I know there’s a lot going on right now in America but my husband just used one of the good towels!
*hangs out at graveyard*
I like older men.
marriage counselor: pretend you both just started talking.
me: goo goo gah gah
marriage counselor: no.
call me an overworked optometrist the way eye care too much
Seriously, if you go to Central or South America to visit ancient ruins and you don’t dress as Indiana Jones, what’s even the point? Bonus points if you can get the whip through customs.
me: i’d love* to go to your neighborhood block** party, Carol, sign me up***
*hate
**gossip
***i’d rather eat worms
I’m not saying I spend a lot of time in the restroom, I’m just saying if you walk into my stall you can be charged with home invasion…

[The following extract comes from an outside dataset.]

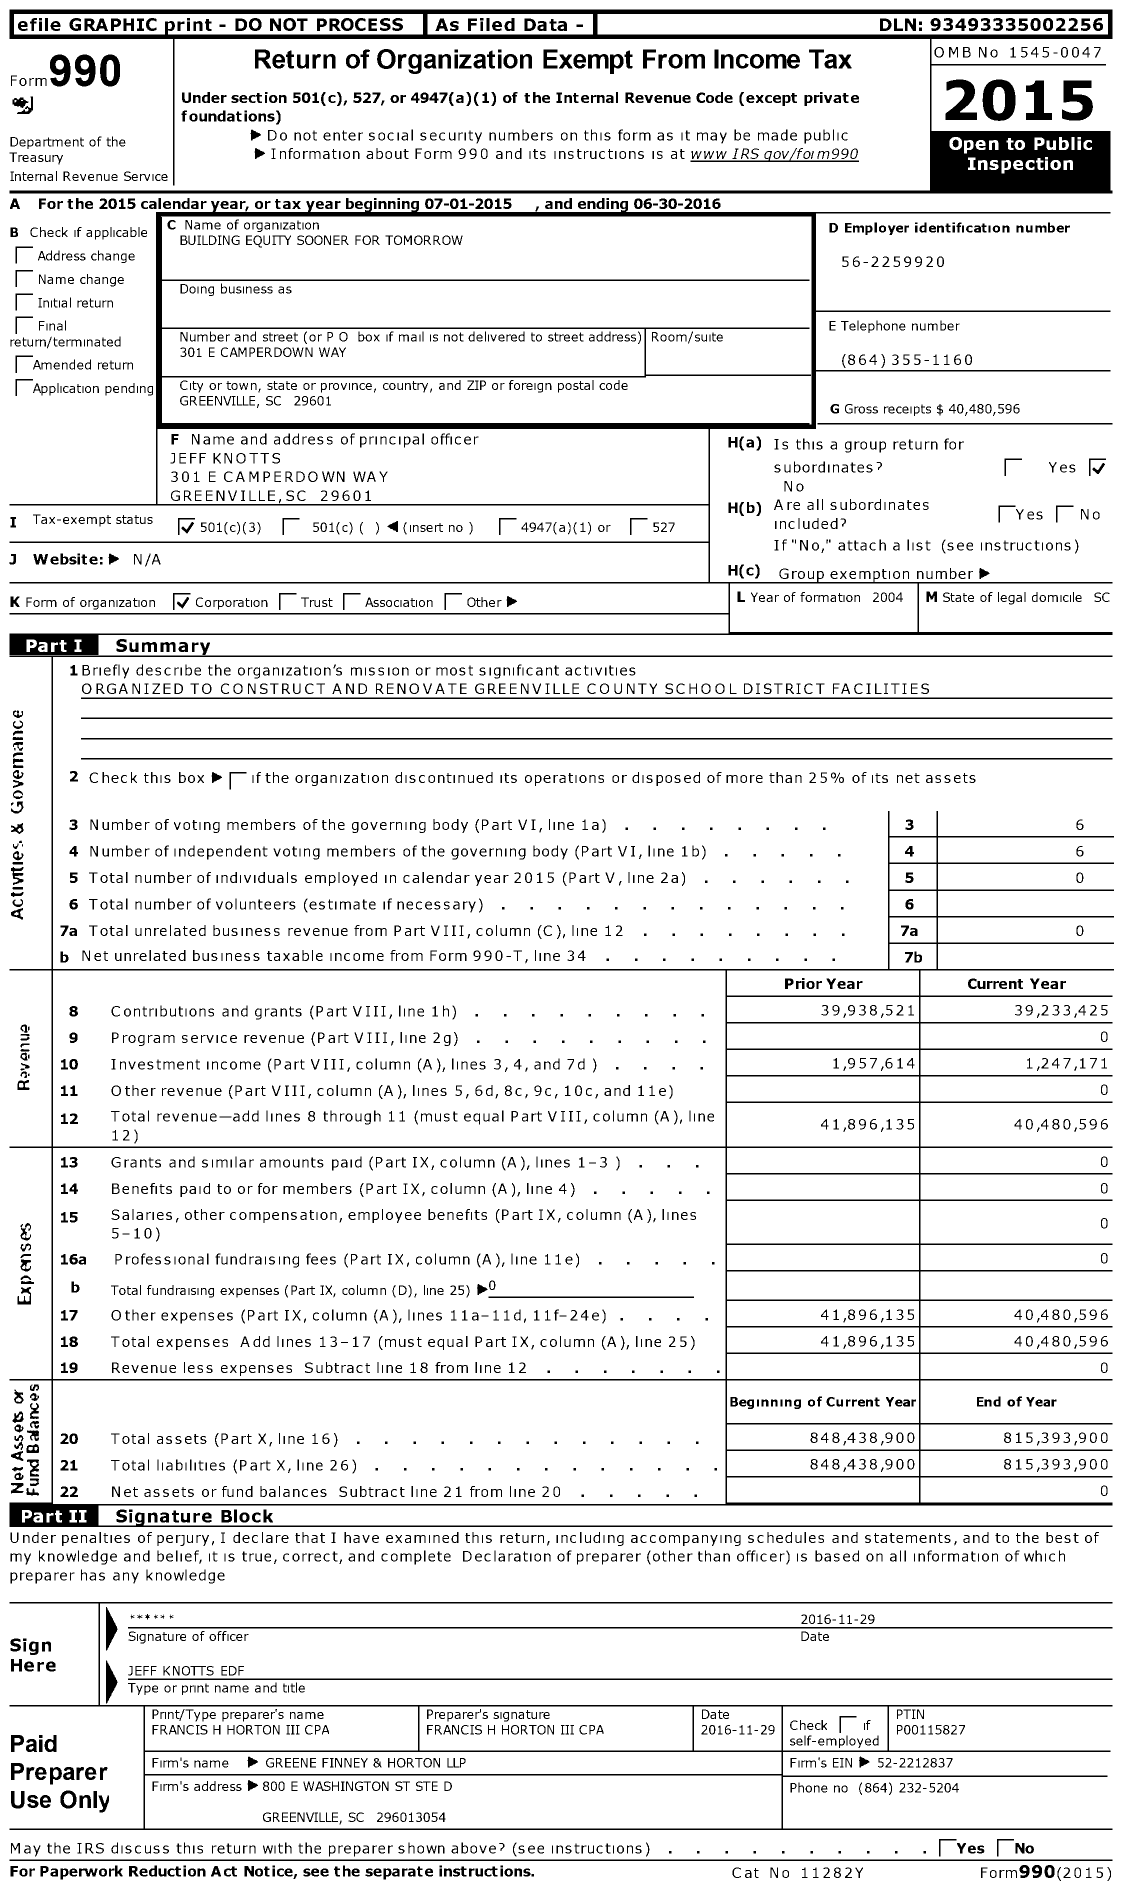 Image of first page of 2015 Form 990 for Building Equity Sooner for Tomorrow (BEST)

Engelbert Humperdinck actually chose that name, he was not born with it.
I think about this a lot.
Customer: I’ll have the jumbo shrimp
Me (first day as a waiter): just the one?
Customer (first day as a customer): I bet it’s gigantic!
Exhausted Parent PSA-
The chance you could mistake a raw chicken sausage for a banana when making a smoothie is small, but not zero.